Hey everyone!  It is apple season and would like, for the first time, to give a whirl at making applesauce.  I'd love anyone's feedback.  Also, there is an Apple Apricot sauce on the shelves, made by Santa Cruz, which I just love.  Any ideas on that?  This is the list of ingredients on the bottle if that helps:

_*INGREDIENTS:* Organic Apples, Organic Apricot Puree, Organic Apple Concentrate, Ascorbic Acid (Vitamin C)._

Apricot puree?  Made from dried apricots or maybe fresh?  Thanks all!


----------



## middie (Sep 17, 2005)

cora i'm thinking probably fresh apricots were used for that.


----------



## Andy M. (Sep 17, 2005)

corazon90 said:
			
		

> ...Apricot puree? Made from dried apricots or maybe fresh? Thanks all!


 
I thought they would be made from fresh apricots.  Then I did a google search to find a couple of recipes using dried apricots, apricot nectar and sugar.


----------



## pdswife (Sep 17, 2005)

I just peel and core my apples... 
boil in a little water until soft and then mash up as
much or as little as I'd like.  Add sugar and cinn. as desired.
Very easy.  Very good!


----------



## corazon (Sep 17, 2005)

how long will the applesauce keep?  and what are the best apples to use?


----------



## Alix (Sep 17, 2005)

I like to use Granny's for my applesauce, but any firm textured apple will work. As to how long it will last, well that depends on how tasty it is! LOL. Seriously though, I have frozen mine in small jars many many times. I used it as the base for all my fruit flavoured baby food, and froze it in baby food jars. 

I also don't put any sugar in mine. It is purely a matter of taste. My mom likes hers done with brown sugar and cinnamon. Its a very forgiving sort of thing to make. Let us know what you decided to do with it.


----------



## Dove (Sep 17, 2005)

Last night I used Golden delicious that my SIL sent over..stewed them and added a little splenda at the end. It's really good, I would peel both fruits and just cook in a little water or even apple juice.

Marge


----------



## corazon (Sep 18, 2005)

Bought 5lbs of Jonagolds at the Farmer's Market yesterday, so I will be trying it out hopefully tomorrow.


----------



## Constance (Sep 19, 2005)

I don't bother to peel or core my apples...I just cut them in pieces. Then I put them in a pan with the sugar and start them off at a simmer. Once they start to release juice, I turn it up a bit. 
Once they are soft, I run them through a food mill. Then I add my cinnamon (or red hots), adjust the amount of sugar, heat gently and put in pint jars for canning.
I say this as if I just made some yesterday...actually, I haven't made any  homemade applesauce since my kids were little.  Nowadays, I buy a jar and doctor it up to suit my taste. 
I always like Jonathons for apple sauce. The red from the skins adds a touch of pink to the sauce that I like very much. 
If you do peel and core your apples before making the sauce, save the peelings and cores and boil for apple jelly. You can add other fruit to it if you wish.


----------



## PA Baker (Sep 19, 2005)

Here are two different recipes I like to use for apple sauce. I freeze mine in small portions (either Zip-loc baggies or small freezer-proof bowls work well). It can last for many months this way.
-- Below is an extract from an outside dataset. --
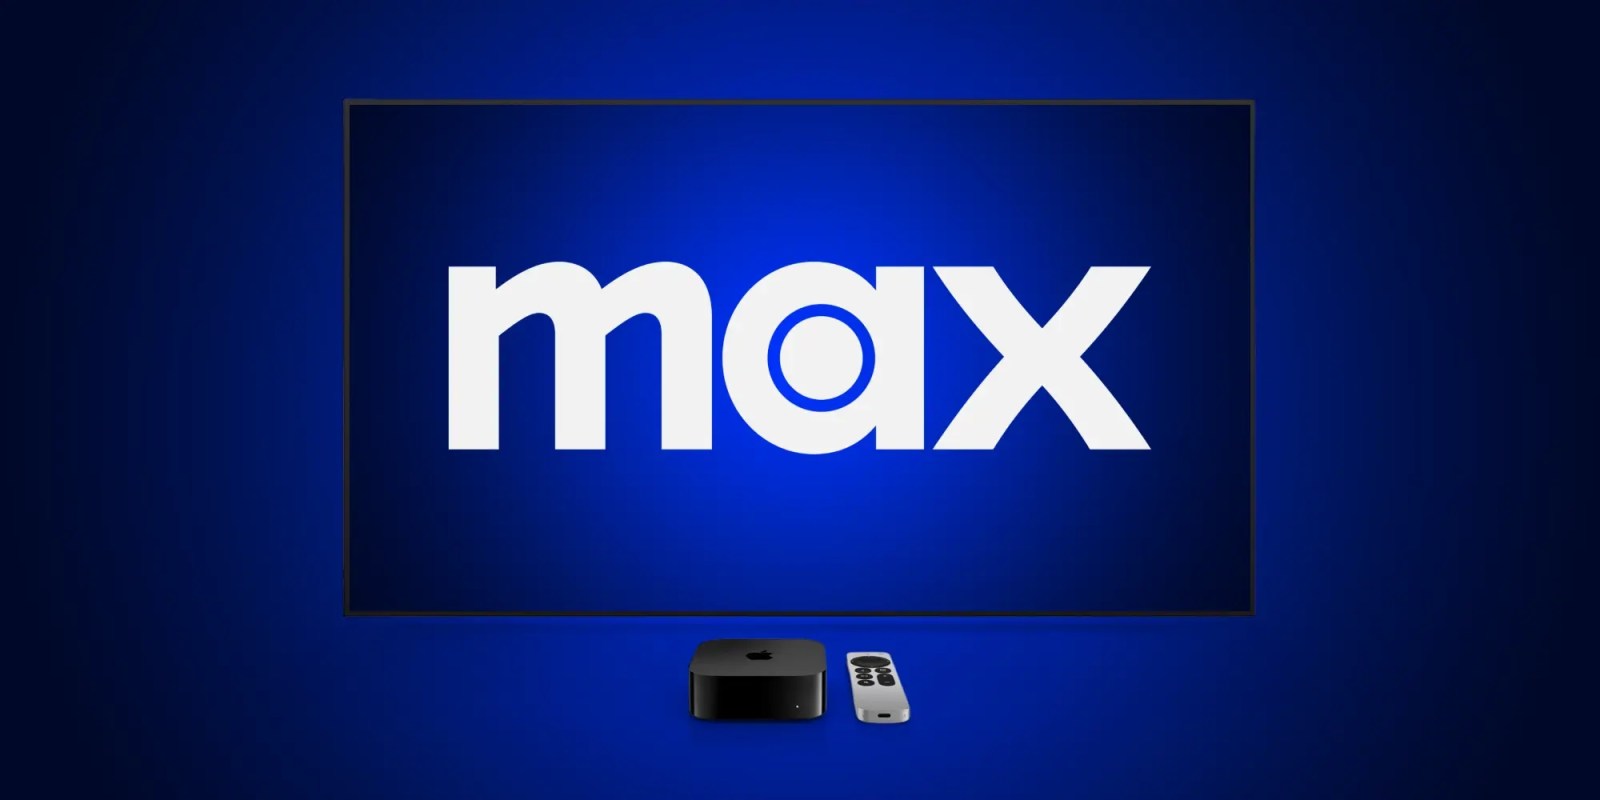 Max streaming app

*Granny Smith Apple Sauce*
Makes 5 to 6 cups

Ingredients:

4 pounds Granny Smith apples, peeled and cored
2/3 cup sugar
3 tablespoons fresh squeezed lemon juice
1/2 cup water
1 teaspoon ground cinnamon
1/4 teaspoon ground allspice
1/2 teaspoon pure vanilla extract

Preparation:

Sprinkle sugar over apples in a bowl. Combine lemon juice and water. Pour over apples; stir gently.

Transfer the apples to heavy bottomed sauce pan. Bring to a boil, cover and reduce heat to low. Cook 10 minutes or just until apples are soft, not mushy.
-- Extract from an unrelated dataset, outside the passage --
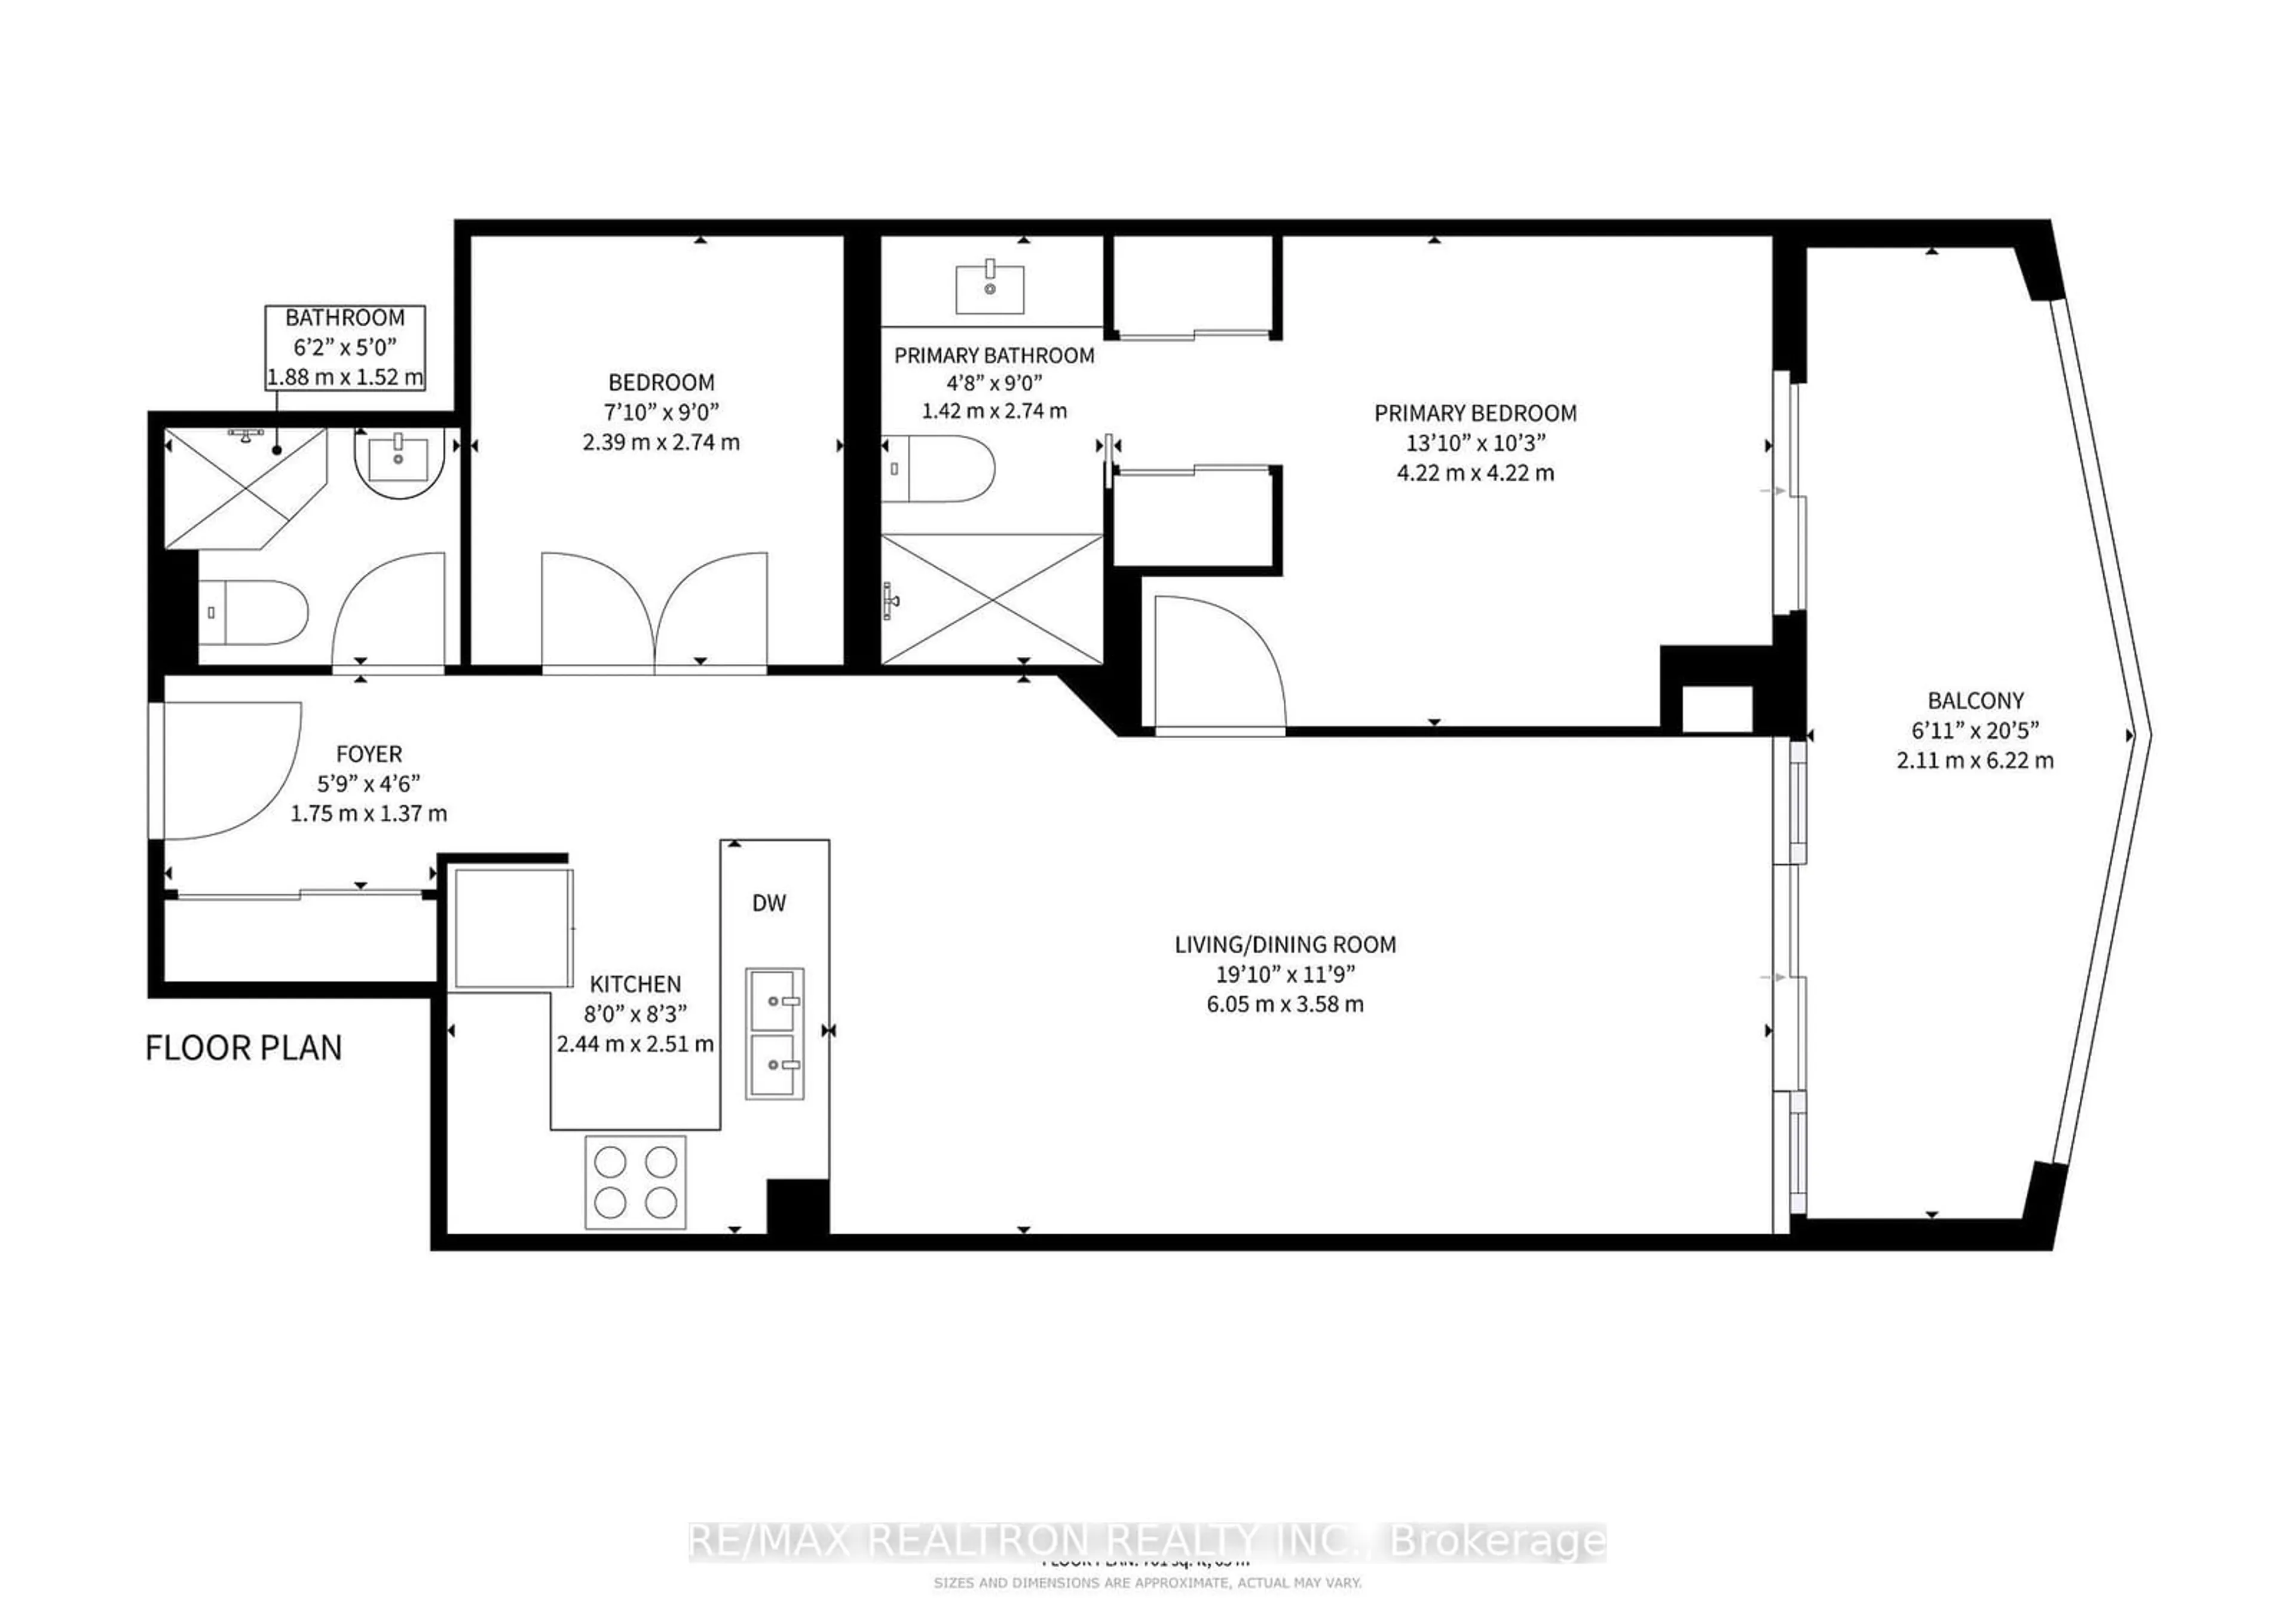 Floor plan for 8 Rean Dr #1003, Toronto Ontario M2K 3B9

Stir in cinnamon, allspice and vanilla.

Purée the apples and cooking liquid in food processor until almost smooth, or run through a food mill.

Serving variation: Great served warm over ice cream.


*Applesauce*

6 apples, McIntosh preferred
1 c water
1 Tbsp fresh lemon juice
1 tsp sugar
¼ tsp cinnamon, optional


Peel and core apples and cut into quarters. Place them in an enamel sauce pan with the water and lemon juice. Bring to a boil, and then turn the heat down slightly and simmer 30 minutes to break them down and get them too thicken. Take off the heat and stir in the sugar and cinnamon, if using.


----------



## Piccolina (Sep 19, 2005)

Homemade apple sauce is really yummy with some pureed (and strained if you dislike seeds) berries tossed into it (blackberries and apples have a natural affinity for eachother).


----------